This work constructs information-theoretically secure one-time memories (OTMs) and one-time programs (OTPs) under quantum hardware constraints—specifically, non-adaptive, constant-depth, D-dimensional geometrically local quantum circuits (QNC₀)—without relying on any computational assumptions. Adversaries are assumed to possess unbounded classical computational power, arbitrary-size quantum memory, and unlimited coherence time. Methodologically, the construction integrates random linear codes with 2→1 quantum random access codes (QRACs), and employs Rényi entropy (α = 2) analysis to bound collision-entropy-driven information leakage, yielding a novel upper bound on QRAC information leakage. Key contributions include: (i) the first OTP construction achieving simulation-based security without computational assumptions; (ii) the first OTM scheme compatible with fault-tolerant quantum computing prerequisites—supporting inputs encoded via non-fault-tolerant encodings; and (iii) rigorous security proofs valid against geometrically local, constant-depth quantum adversaries.
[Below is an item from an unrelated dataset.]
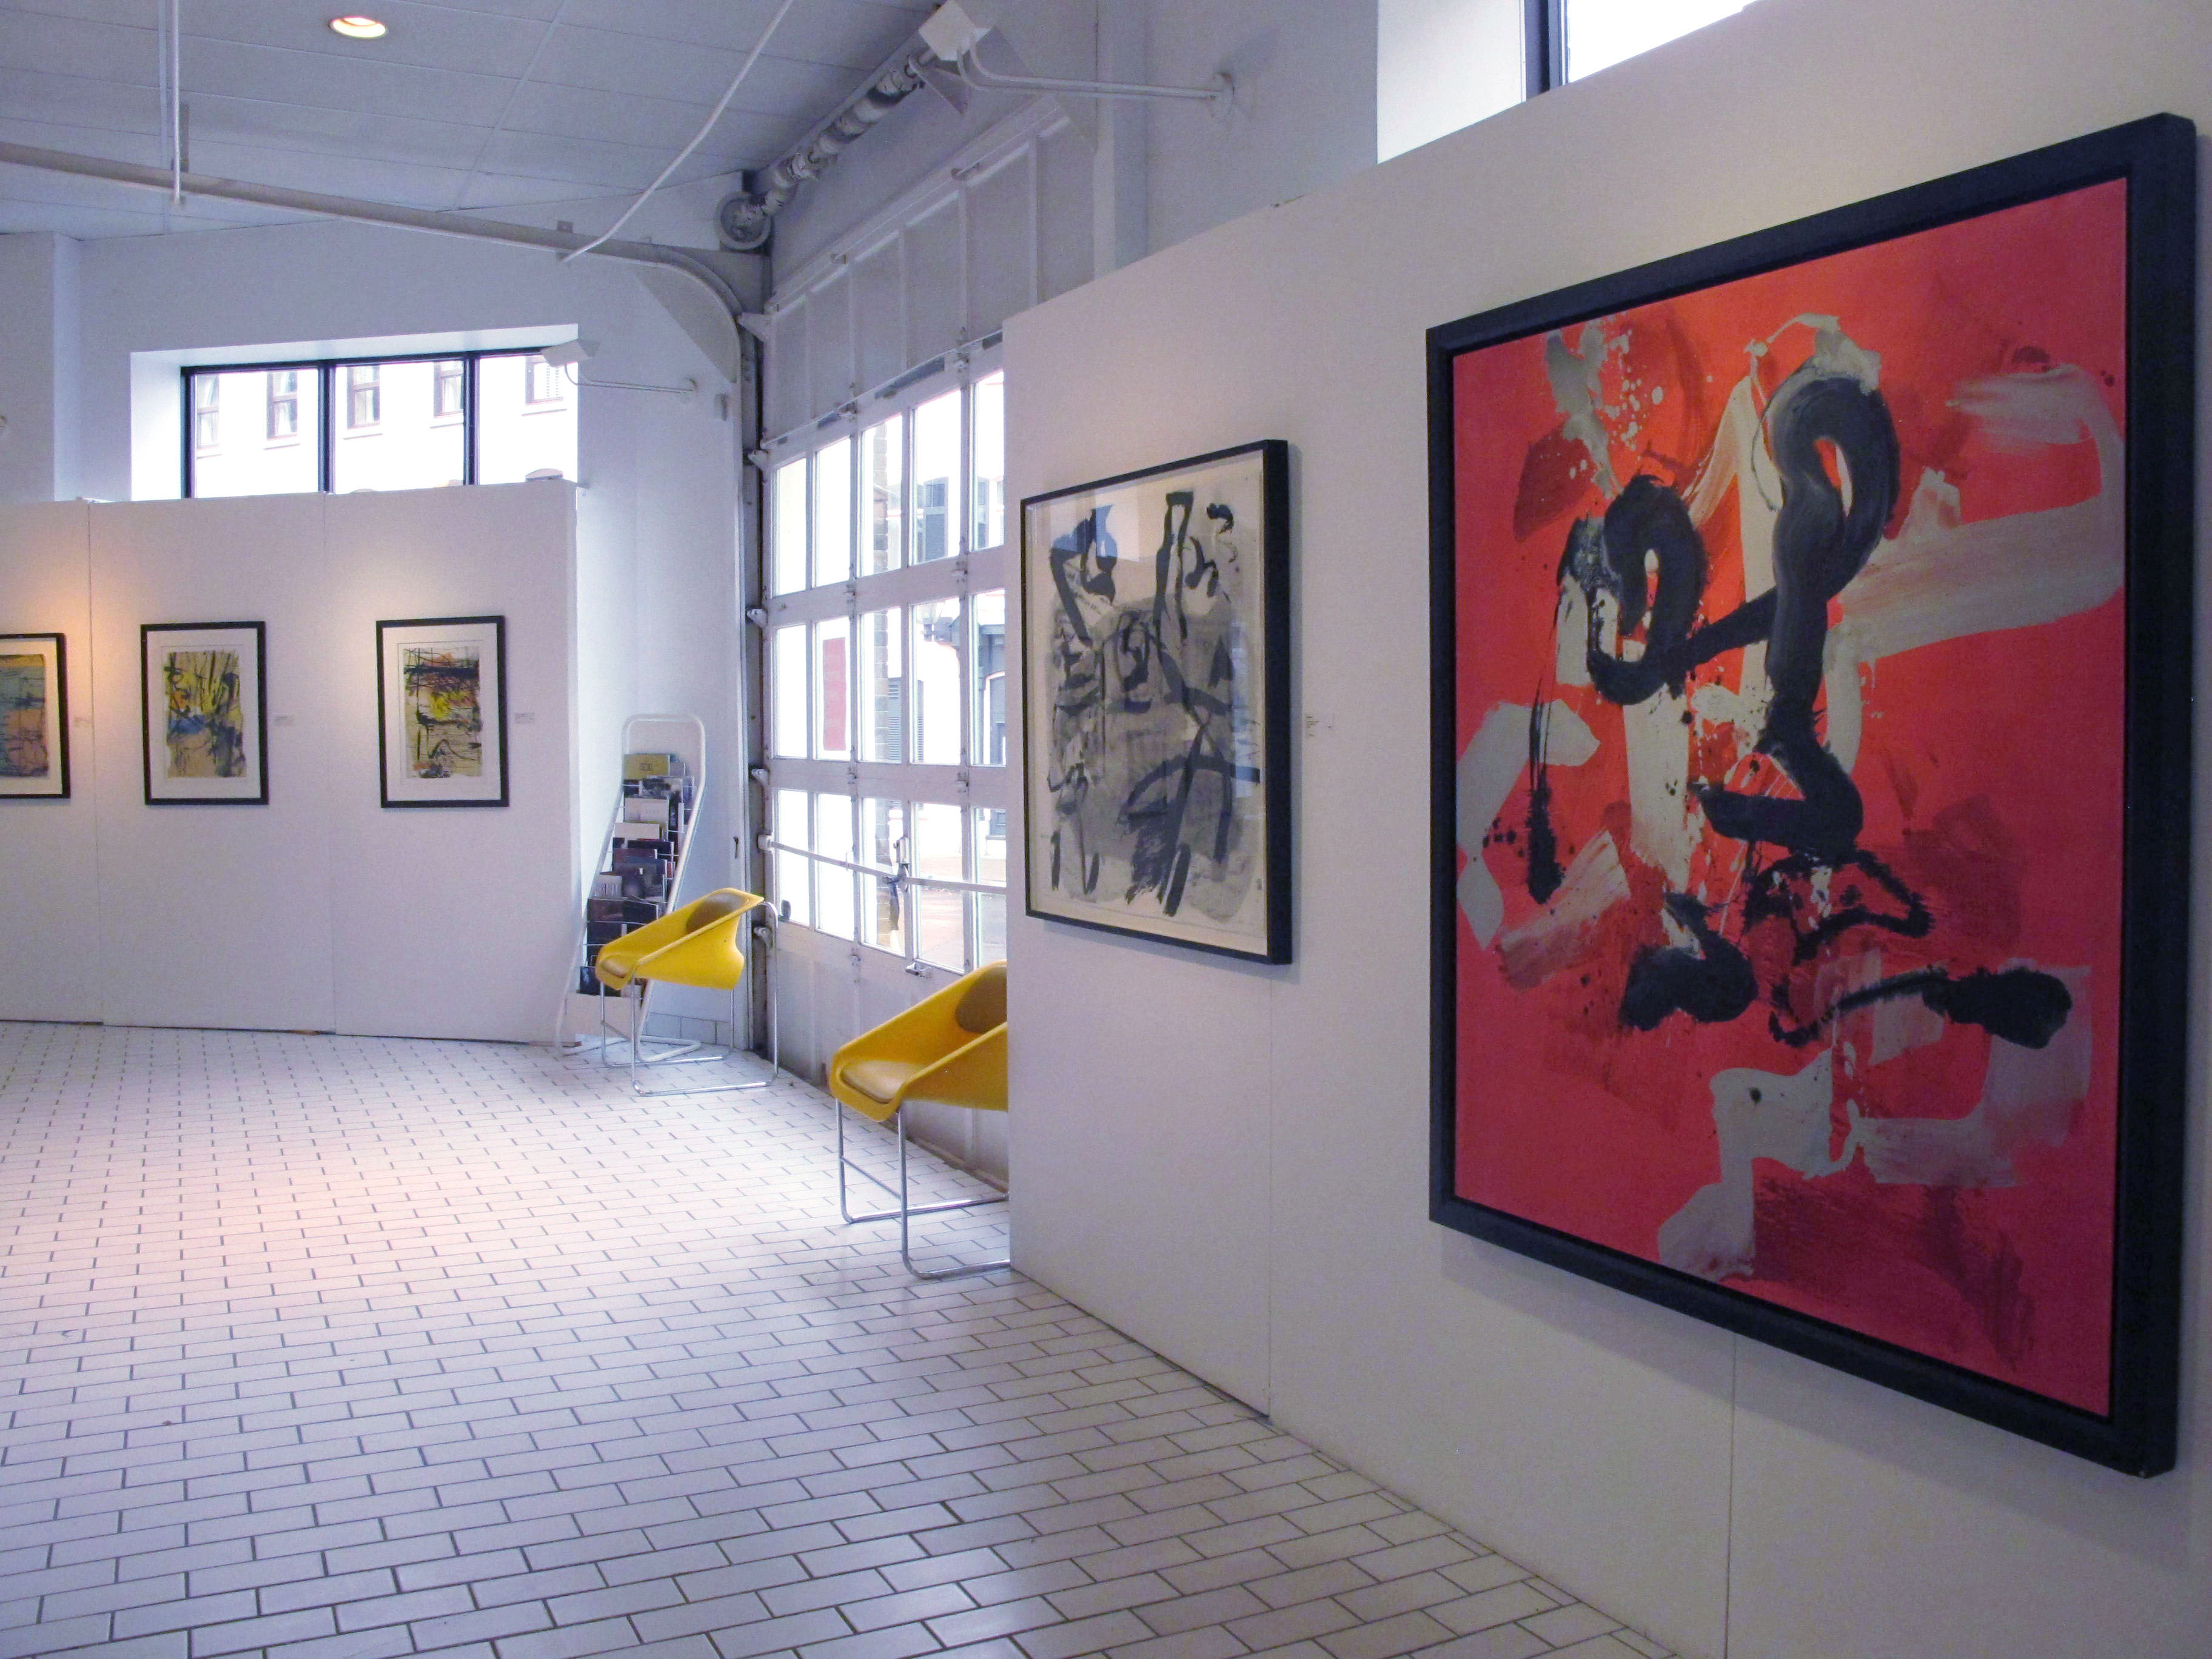 Galerie d'art Lacerte art contemporain, Québec

We show how to construct simulation secure one-time memories, and thus one-time programs, without computational assumptions in the presence of constraints on quantum hardware. Specifically, we build one-time memories from random linear codes and quantum random access codes (QRACs) when constrained to non-adaptive, constant depth, and $D$-dimensional geometrically-local quantum circuit for some constant $D$. We place no restrictions on the adversary's classical computational power, number of qubits it can use, or the coherence time of its qubits. Notably, our construction can still be secure even in the presence of fault tolerant quantum computation as long as the input qubits are encoded in a non-fault tolerant manner (e.g. encoded as high energy states in non-ideal hardware). Unfortunately though, our construction requires decoding random linear codes and thus does not run in polynomial time. We leave open the question of whether one can construct a polynomial time information theoretically secure one-time memory from geometrically local quantum circuits. Of potentially independent interest, we develop a progress bound for information leakage via collision entropy (Renyi entropy of order $2$) along with a few key technical lemmas for a"mutual information"for collision entropies. We also develop new bounds on how much information a specific $2 mapsto 1$ QRAC can leak about its input, which may be of independent interest as well.